You deserve better than that, GC.

I agree completely, especially with the bolded section. :)

Posted
I agree completely, especially with the bolded section. :)

 

Why do you smile in this situation? It's kinda weird that you're so happy when you're being treated so poorly.

  • Author
Posted
Why do you smile in this situation? It's kinda weird that you're so happy when you're being treated so poorly.

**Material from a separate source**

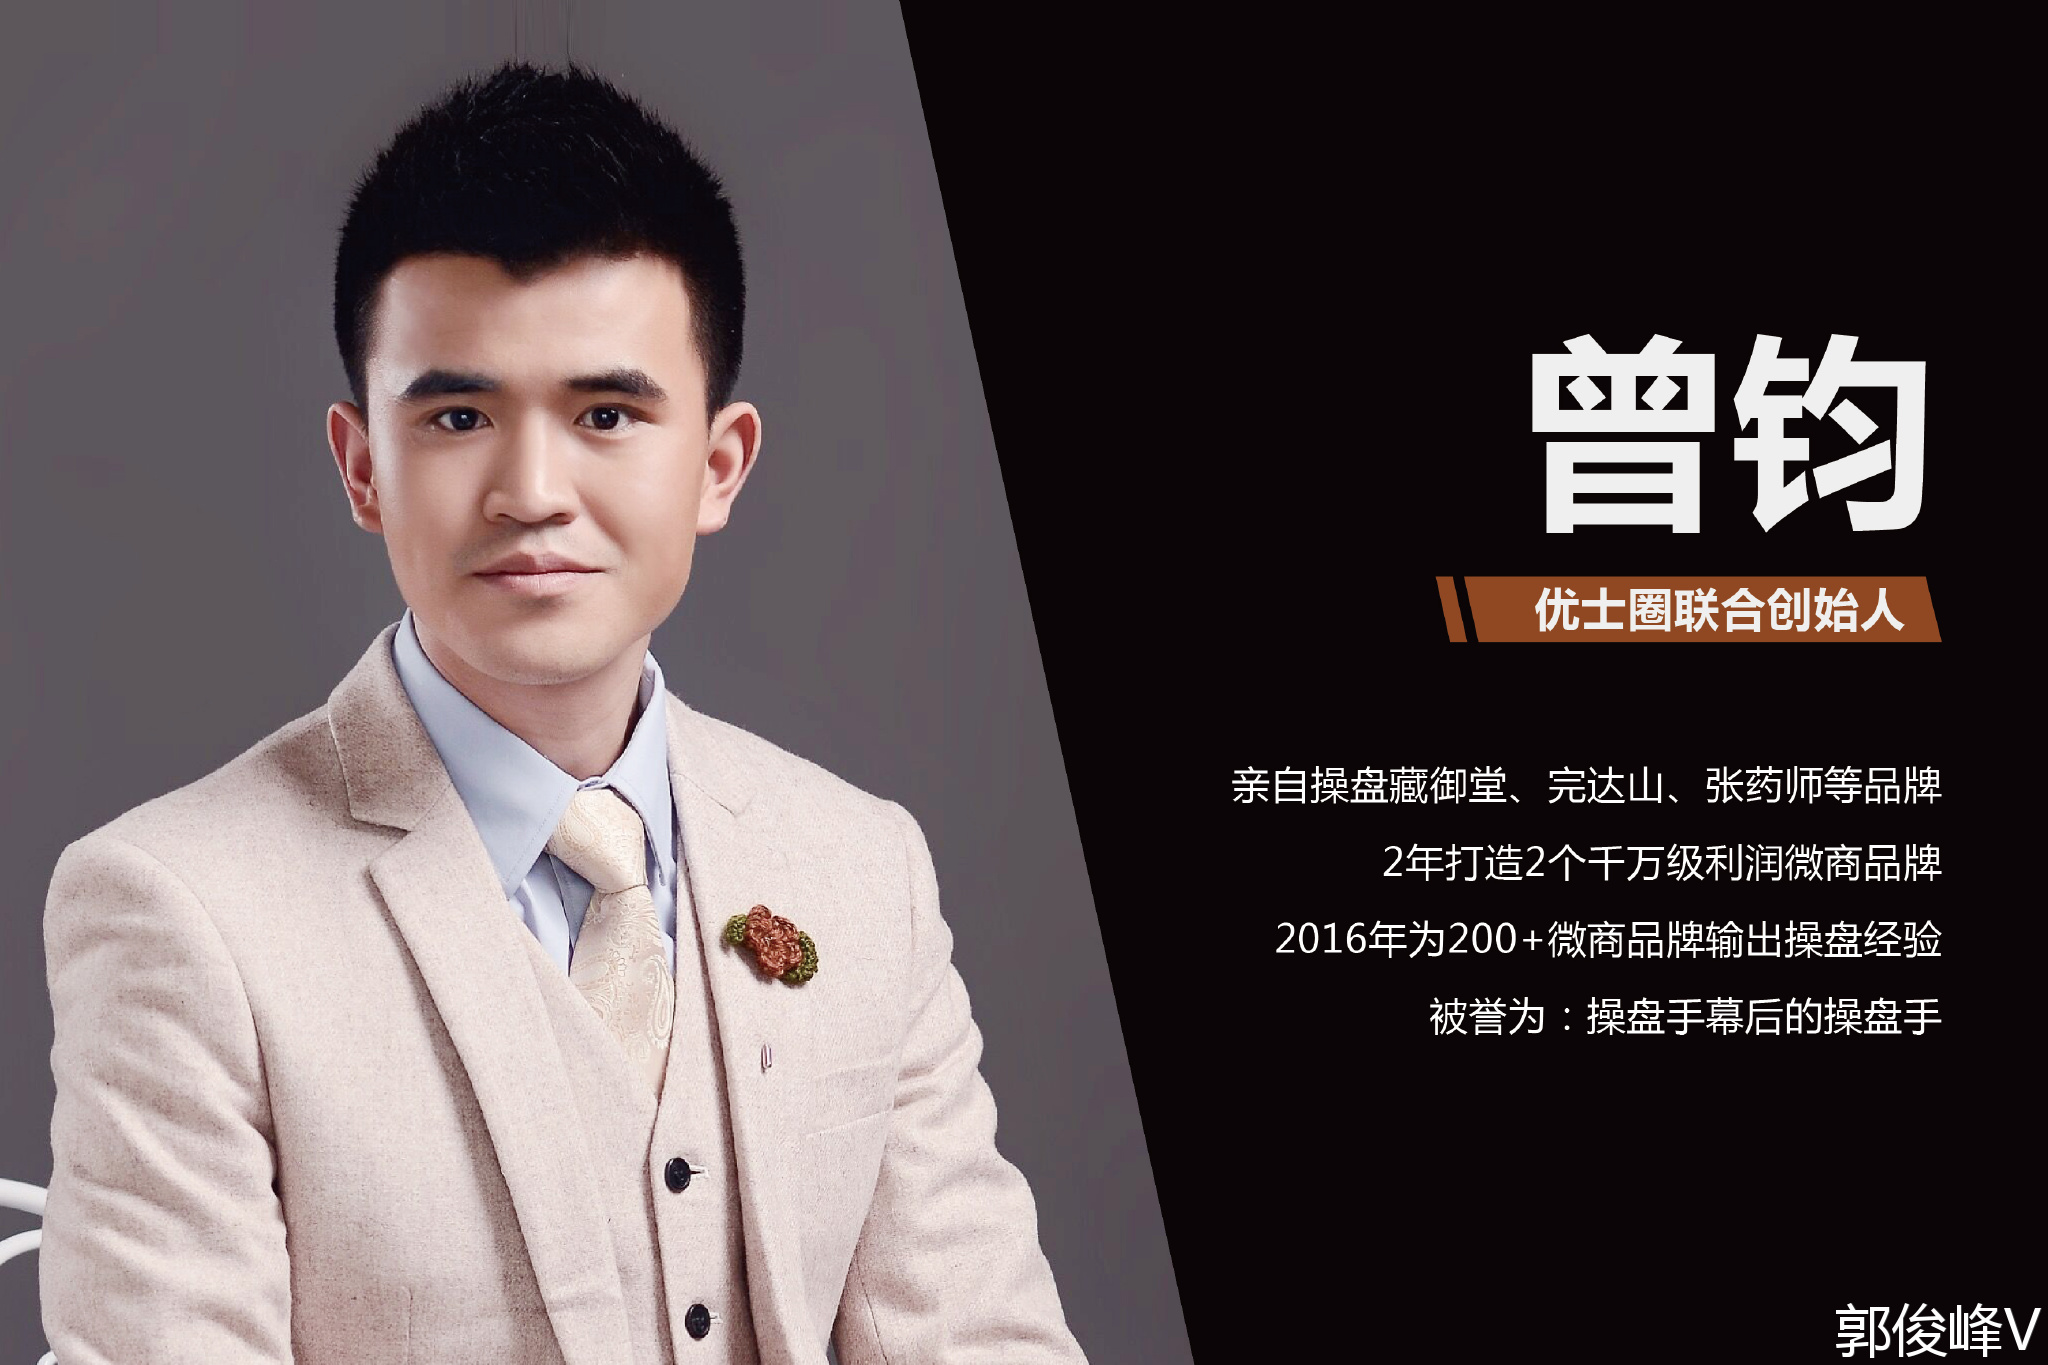 王通:张药师创始人曾钧的成功秘诀

The smiley relates to my acknowledgment of a good point. :)

 

Anyway, I'm a complete and happy person, even without a guy. It's part of being healthy.

Posted

This guy doesn't want to make you a priority at all, GC. Why would you even want to talk to him to salvage whatever you two had going? Clearly it wasn't worth much to him since he isn't making time for you on his own and he hasn't for the last month or more.

 

Part of being emotionally healthy is realizing when someone isn't interested in you and moving on instead of pushing them into giving you crumbs, which is what you've been doing.

Posted
Anyway, I'm a complete and happy person, even without a guy. It's part of being healthy.

 

Sorry, but there is NOTHING healthy about analyzing this the way you are and letting someone treat you like this. Come on, you're a smart girl so get your freaking head out of the clouds and see this for what it is. He's NOT interested - you slept with him, he got what he wanted, now it's over.

 

This entire thread is like a joke, you post and then just come in here and be all nice and agree with everyone but you're quite obviously not doing anything about the situation. Quite obviously since you've posted threads exactly like this before -_-

 

I would suggest moving on but I think before you do that you need to take a good, hard look at yourself and figure out why you allow yourself to be treated like this. It makes you look dumb and you know you're not, so why let other people think it.

Posted
Anyway, I'm a complete and happy person, even without a guy. It's part of being healthy.

 

I disagree. The thought process you've demonstrated in this thread is not healthy.

Posted

GC, your approach to this dating experience reminds me of my own romantic troubles. Although I'm more experienced, with a few serious relationships under my belt, and a lot less naive than you are, I still put up with dumb %%$$ too often when I really like a guy.

 

I hope you have the strength to ignore this guy if he contacts you again. His communication style is inexcusable, even if he is insanely busy. And don't think it will change, cause it won't. I worry you will be tempted to give him another change. In fact, I'm pretty sure you will.

 

How old are you btw? You seem very young. I think that's part of the problem.

  • Author
Posted
GC, your approach to this dating experience reminds me of my own romantic troubles. Although I'm more experienced, with a few serious relationships under my belt, and a lot less naive than you are, I still put up with dumb %%$$ too often when I really like a guy.

 

I hope you have the strength to ignore this guy if he contacts you again. His communication style is inexcusable, even if he is insanely busy. And don't think it will change, cause it won't. I worry you will be tempted to give him another change. In fact, I'm pretty sure you will.

 

How old are you btw? You seem very young. I think that's part of the problem.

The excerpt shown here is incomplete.